> **TRY IT**
Output the data below exactly as it is, dropping the pictures from your copy.

> **AVAILABLE DATA**
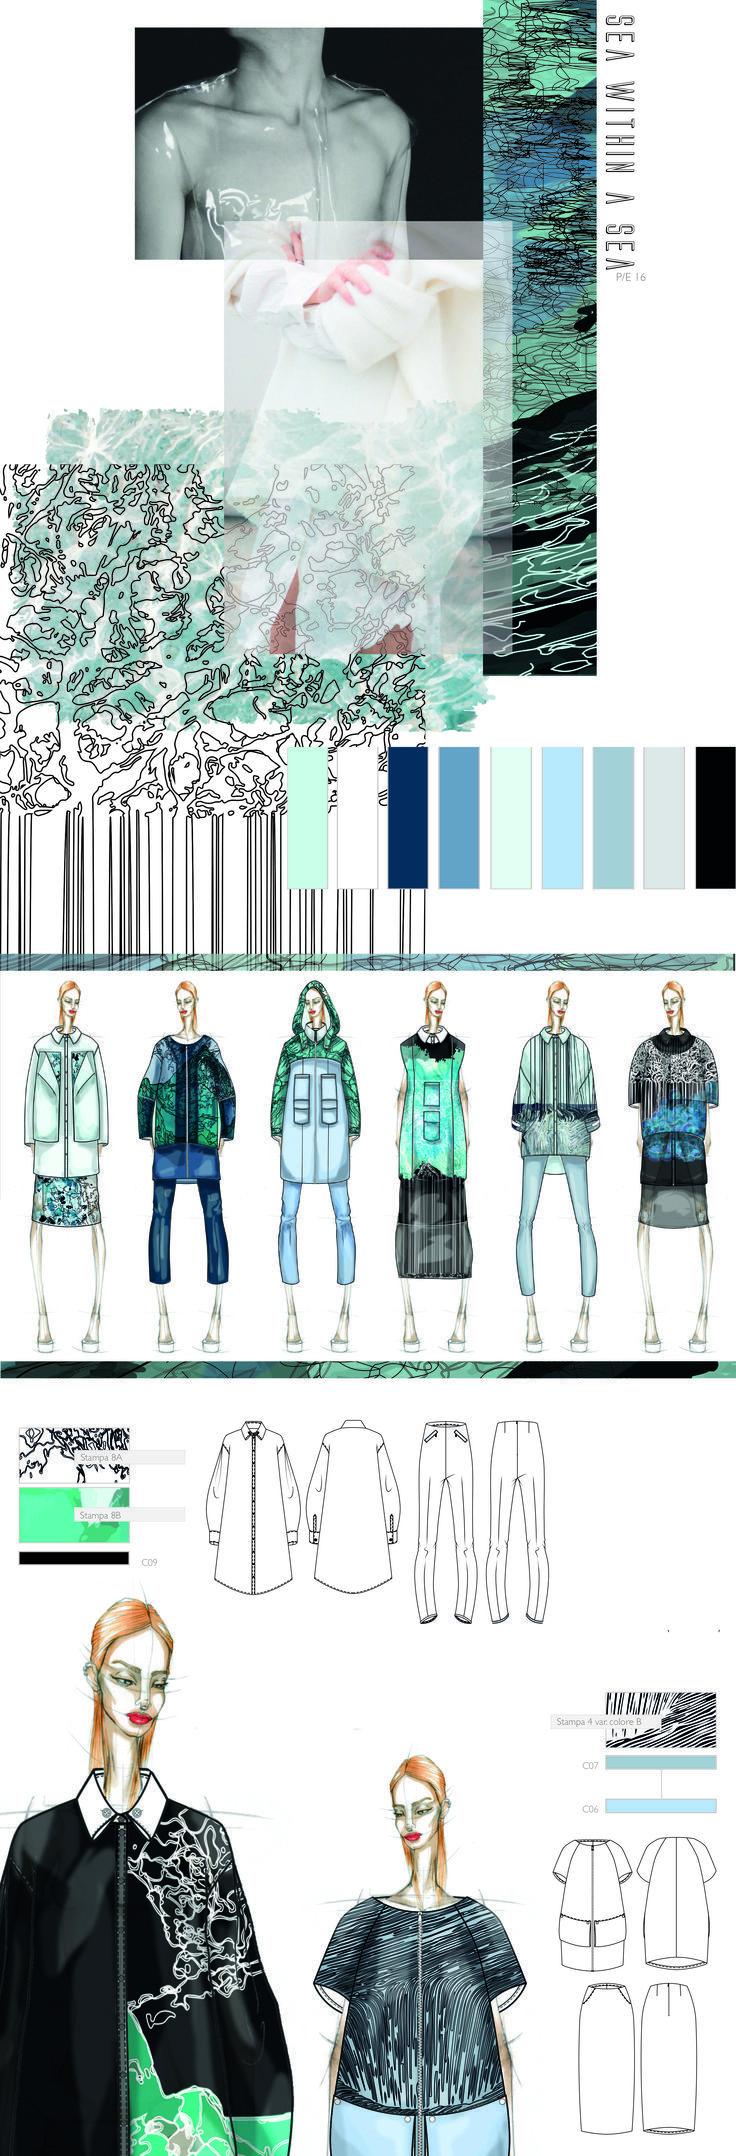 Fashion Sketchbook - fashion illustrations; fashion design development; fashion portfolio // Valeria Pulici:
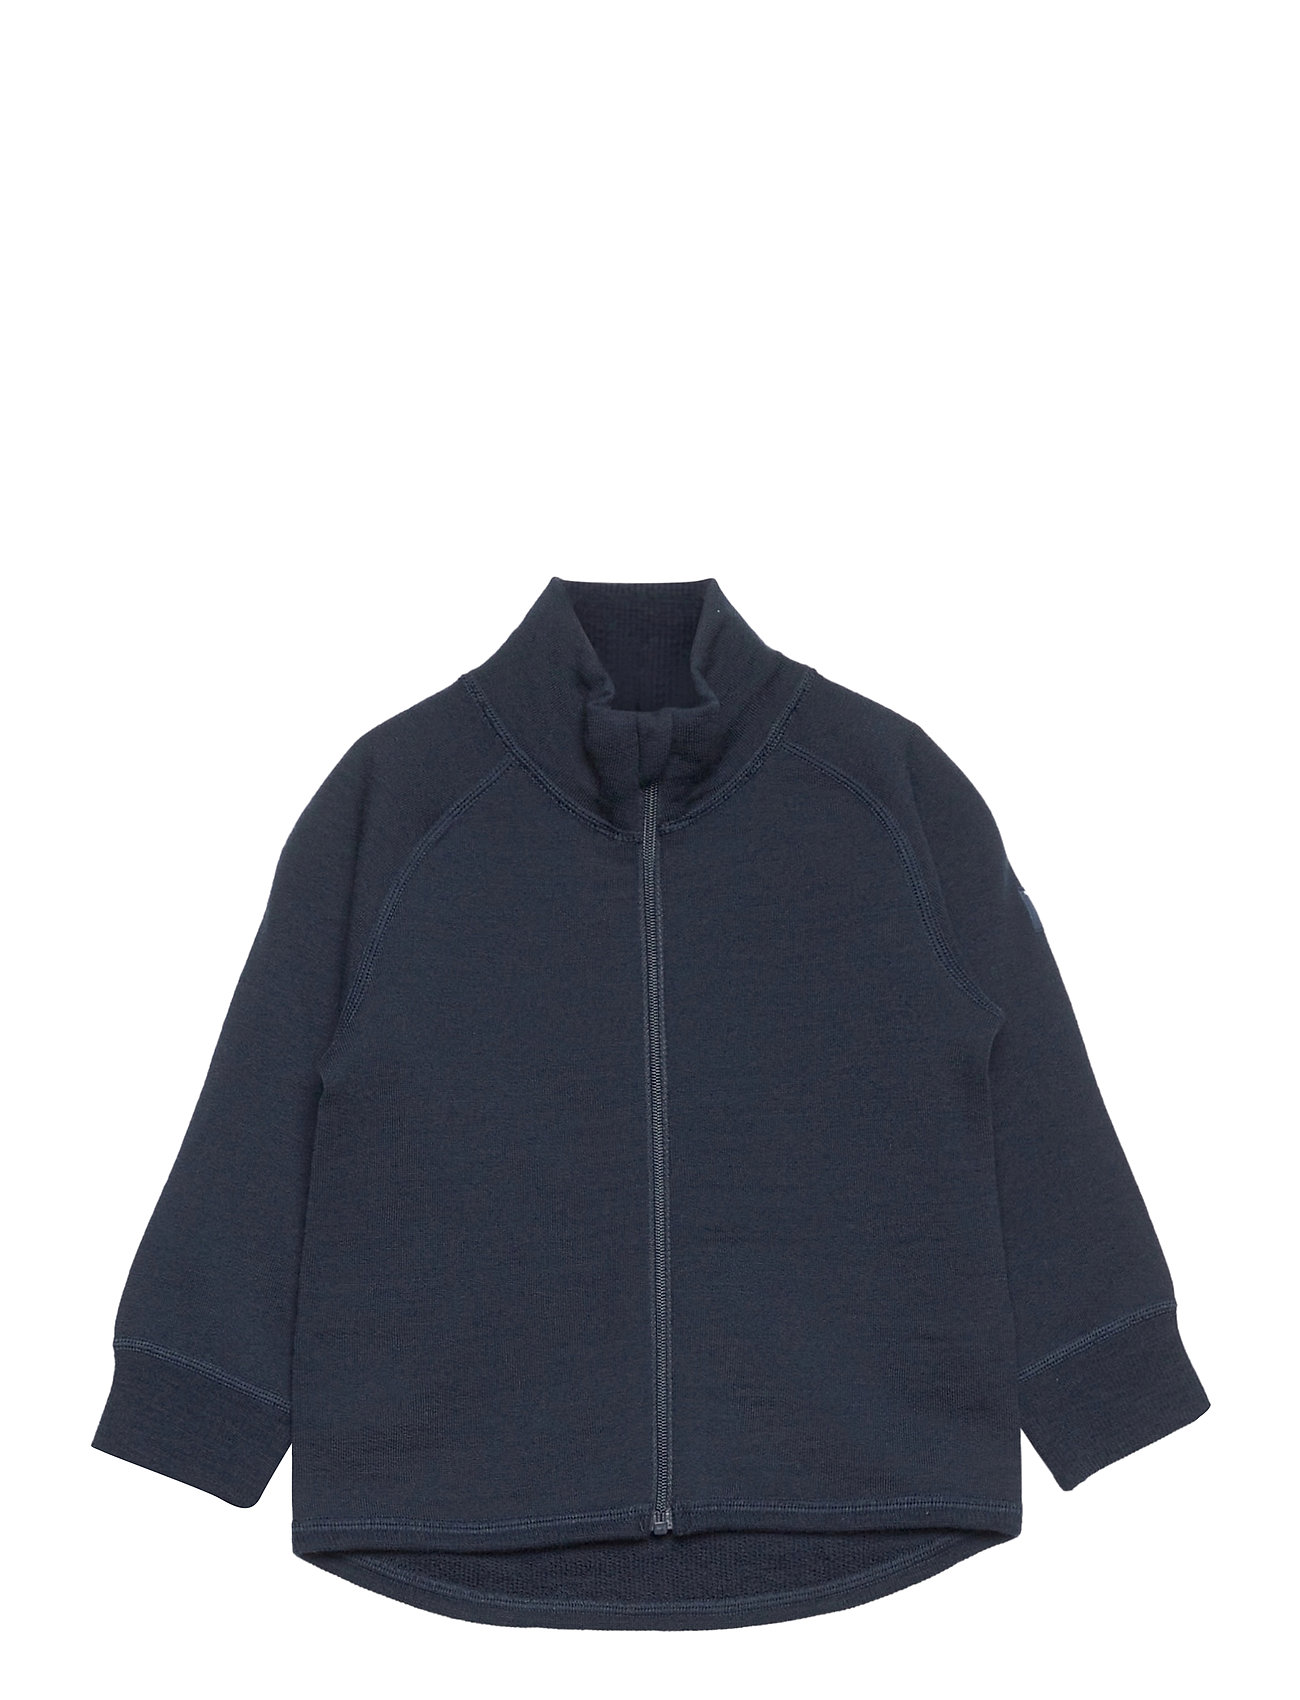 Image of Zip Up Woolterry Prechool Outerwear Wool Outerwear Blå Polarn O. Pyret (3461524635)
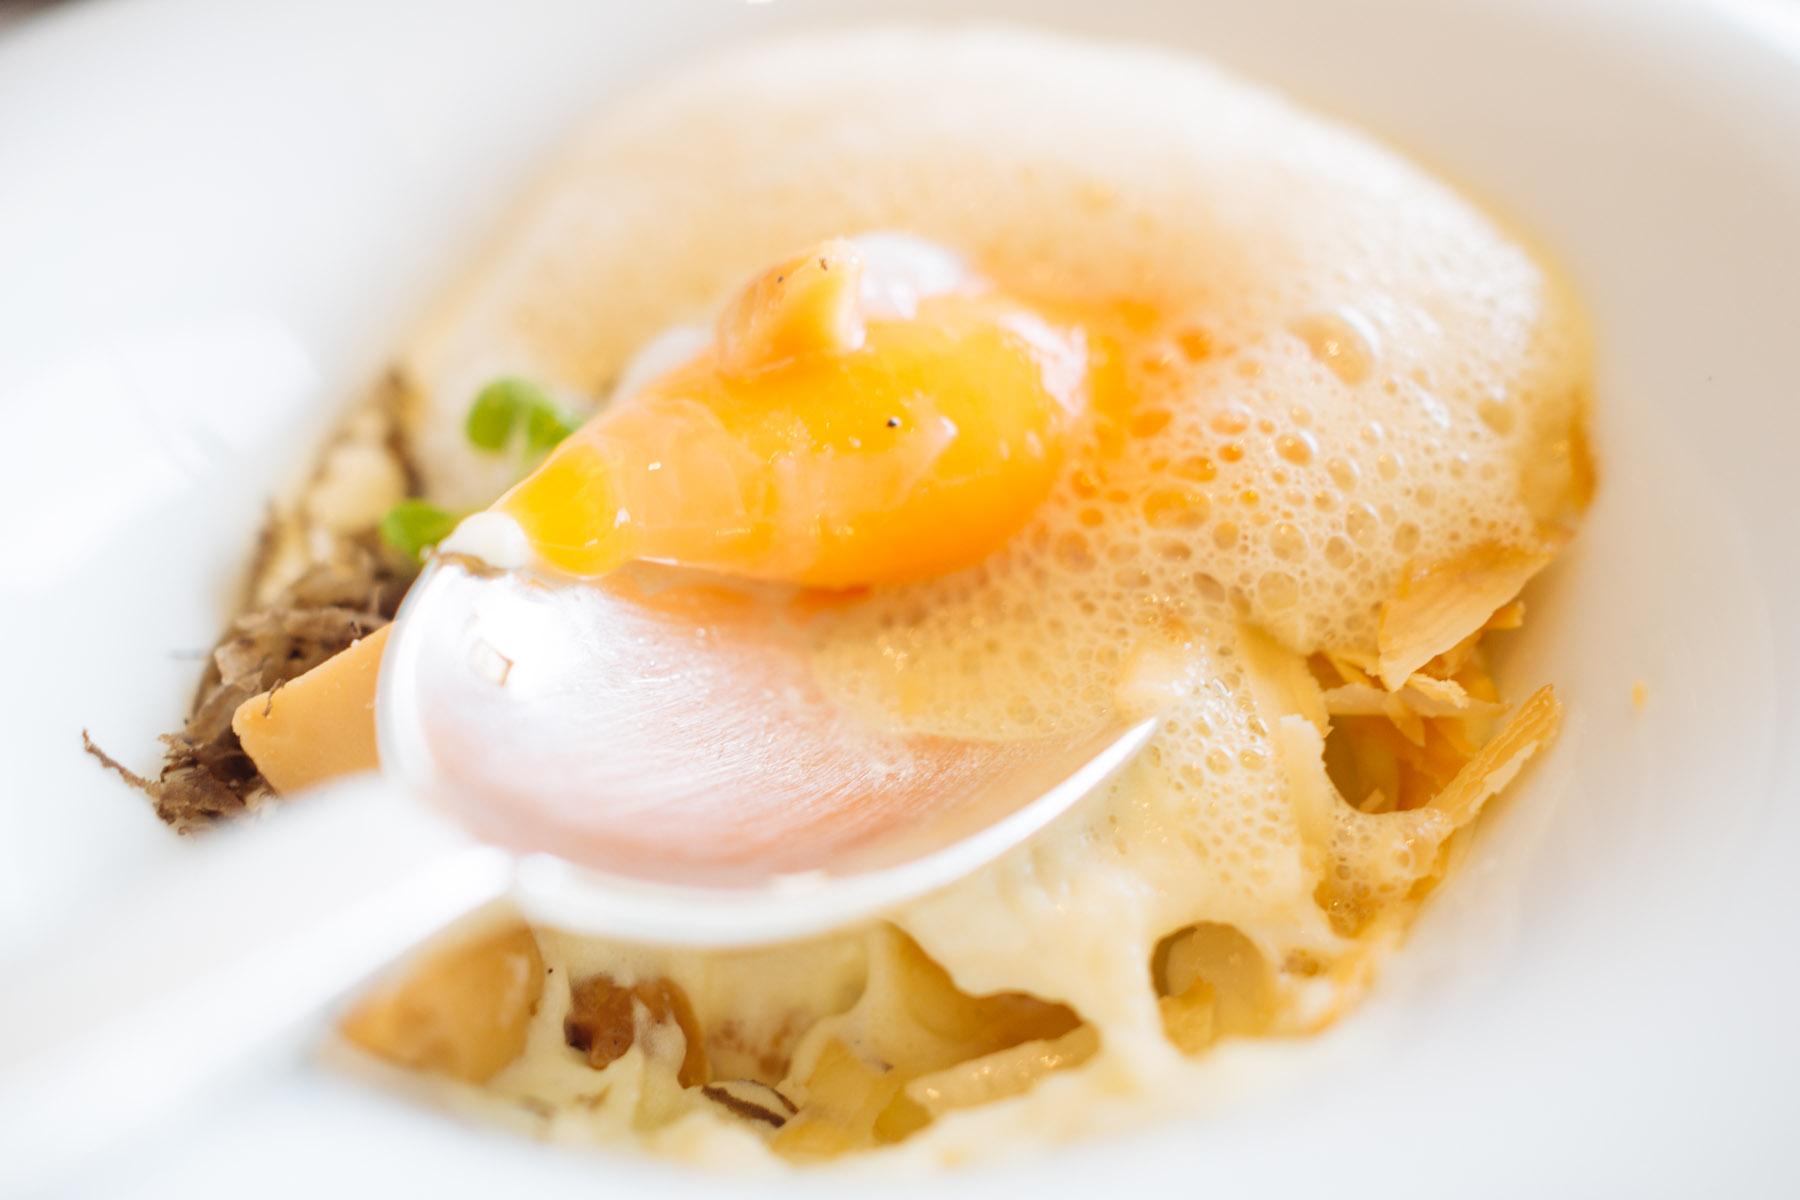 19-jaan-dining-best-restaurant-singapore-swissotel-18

> **RESPONSE**
 Fashion Sketchbook - fashion illustrations; fashion design development; fashion portfolio // Valeria Pulici:
 Image of Zip Up Woolterry Prechool Outerwear Wool Outerwear Blå Polarn O. Pyret (3461524635)
 19-jaan-dining-best-restaurant-singapore-swissotel-18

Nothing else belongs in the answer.